Дори резко повернул голову и удивленно посмотрел на Блондина:
– Директор школы в Обояни?
Эрнст рассмеялся, а Блондин выругался.
– Ничего плохого, Дори. Это просто шутка. Но мы остановились на Обояни.
Дори снова тронул машину вперед и покачал головой:
– Про Обоянь я больше ничего не слышал. Что-то стухло в бардаке.
– Ну что, радиотишина?
Дори пожал плечами и больше ничего не ответил.

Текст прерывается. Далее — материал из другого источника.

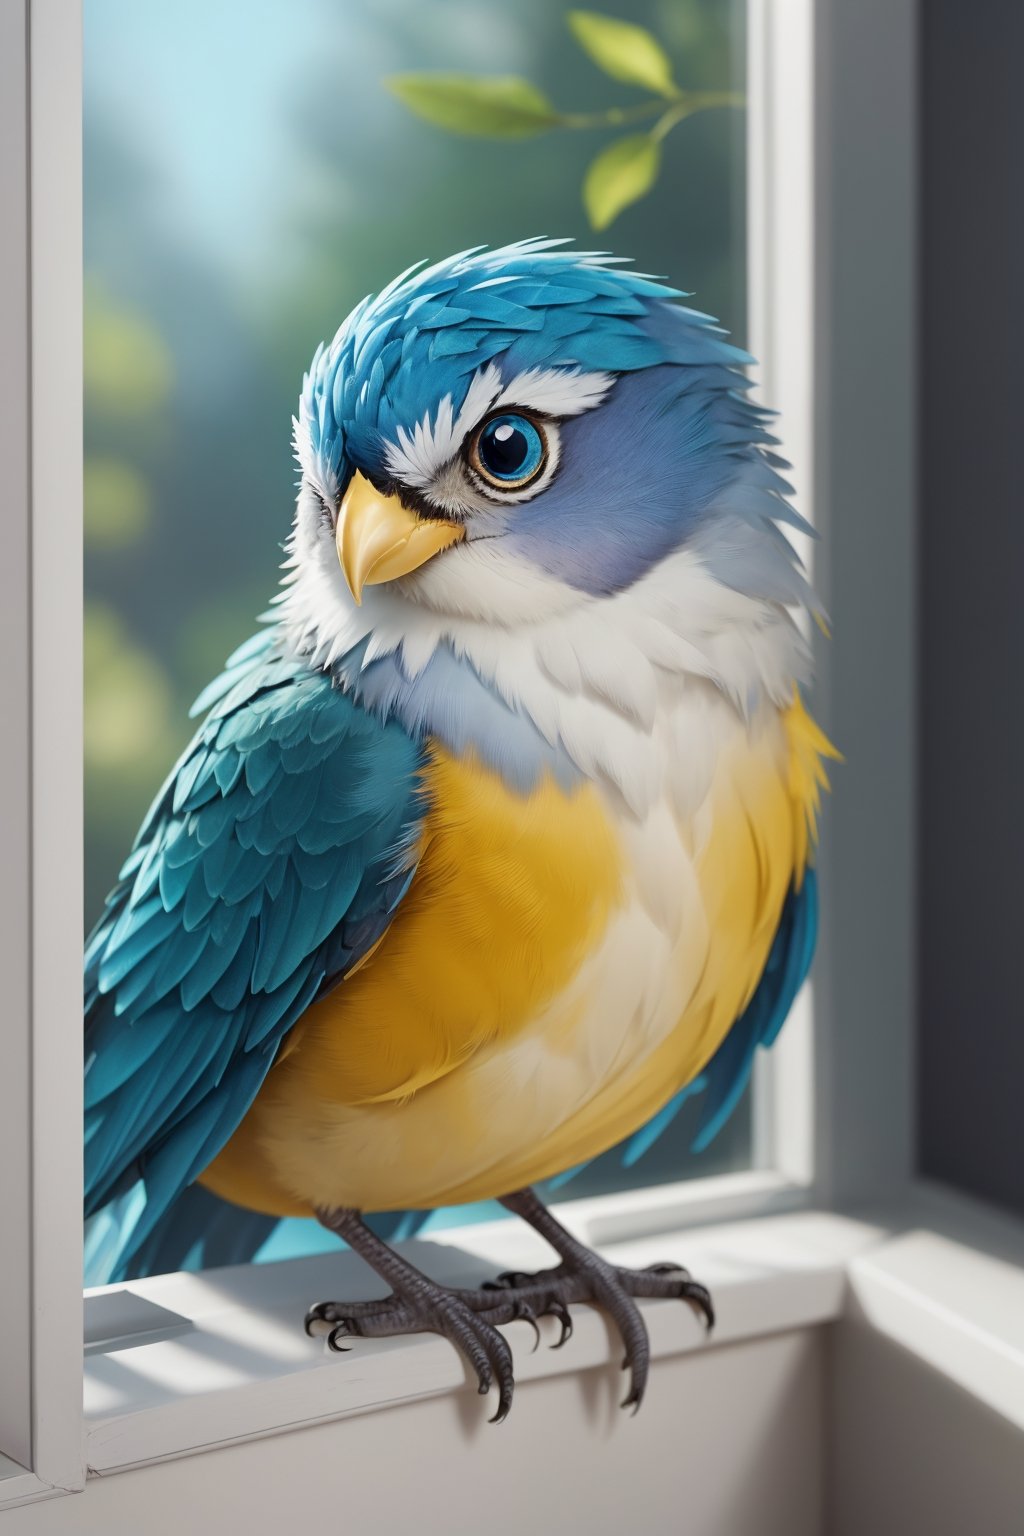 (best quality, hyper-realistic, 8K, ultra HD), (Pixar style, Disney style, Cinema 4D), Create a stunning 8K ultra HD illustration that brings Benny, a small bird with bright blue feathers and a melodious voice, to life. Render Benny in a hyper-realistic style, paying homage to both Pixar and Disney's iconic animation styles, using the power of Cinema 4D to capture every intricate detail of this charming character perched gracefully on a windowsill.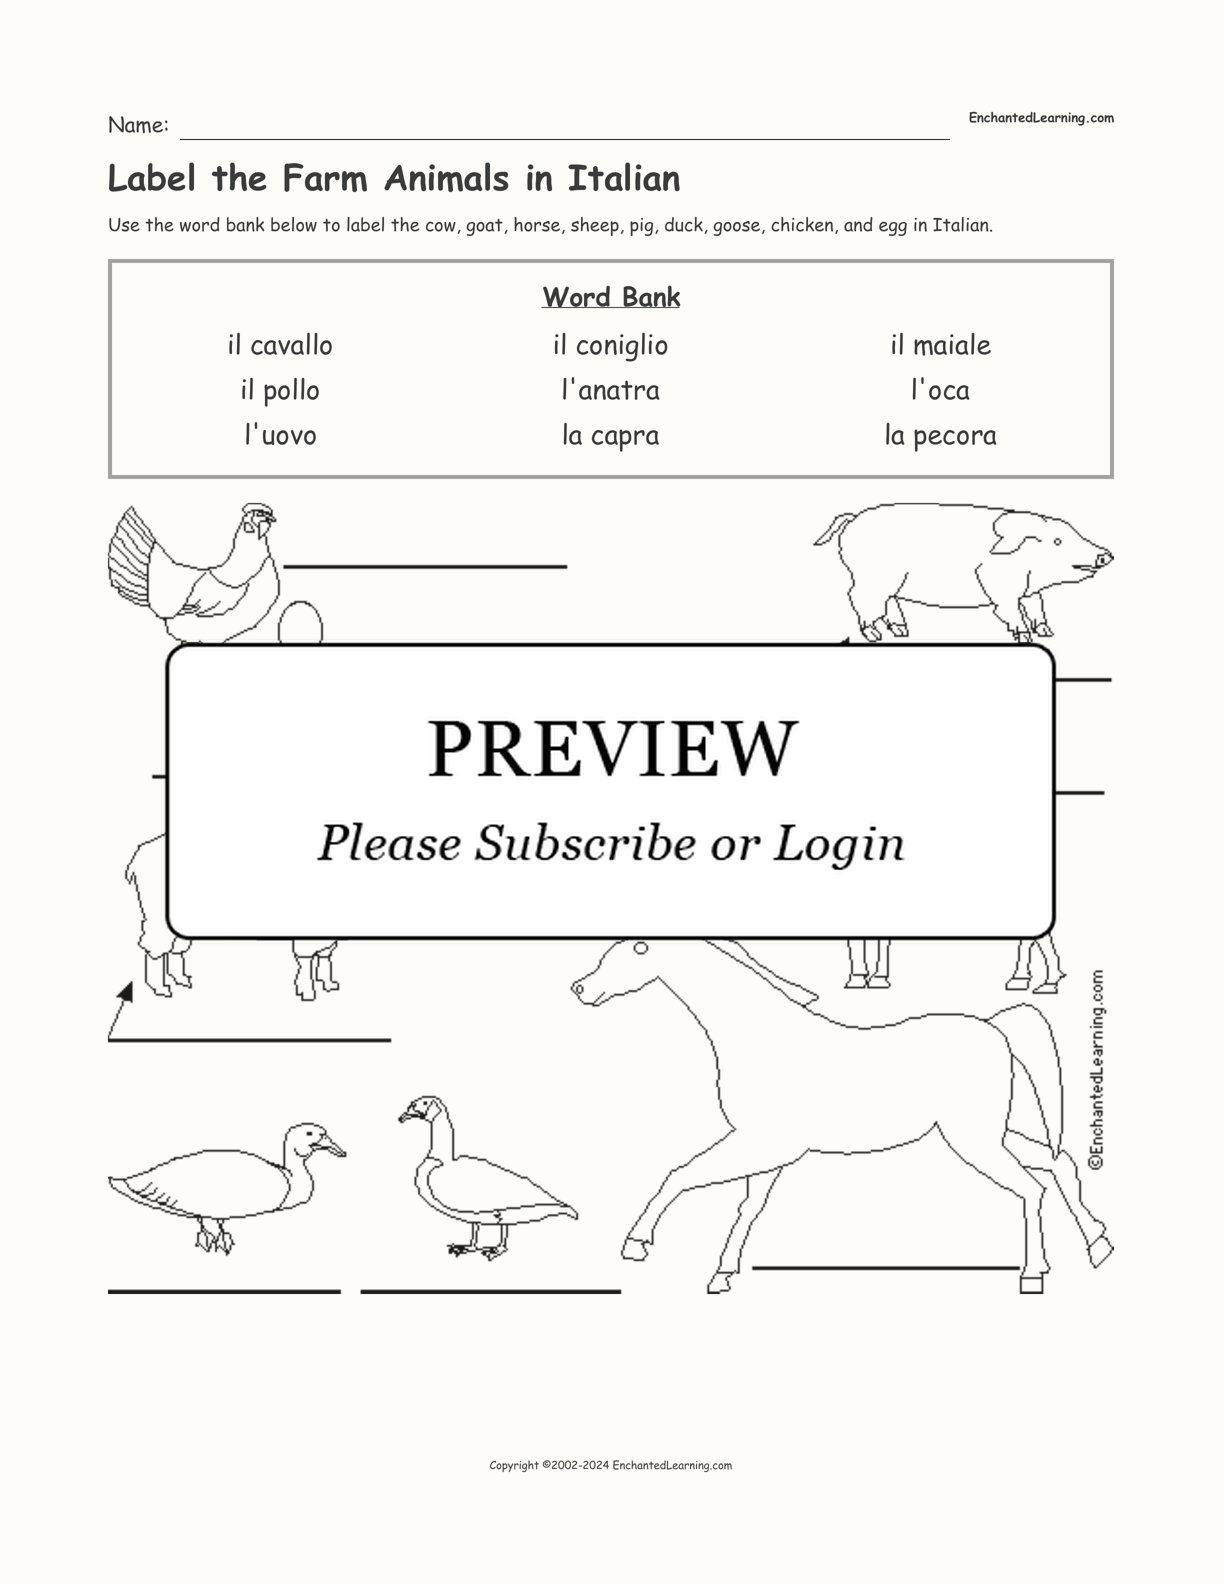 Label the Farm Animals in Italian interactive worksheet page 1

Солнце опять припекало. И моторизованный марш обещал быть утомительным. Единственное преимущество состояло в том, что не надо было идти пешком. Разговор продолжать больше никто не хотел. Все начали клевать носами. Эрнст попробовал уснуть. Далеко слева от них висели клубы темного дыма. Подъехав поближе, они рассмотрели подробности. Местность была покрыта боевой техникой и оружием. Они увидели разбитые и сожженные остовы танков, противотанковых пушек, артиллерии, автомобилей и людей! То, что прежде было людьми. Остатки дымили и, потрескивая, горели. Блондин смотрел на них с открытым ртом. Дори вел машину почти со скоростью пешехода, и сигарета выпала у него изо рта. Эрнст тер подбородок. Они ехали долго и смотрели, пока снова не обрели дар речи. На самом деле из оцепенения их вывел гул самолетов и тихие глухие звуки взрывов.
– Это что, предназначалось нам? – спросил Блондин.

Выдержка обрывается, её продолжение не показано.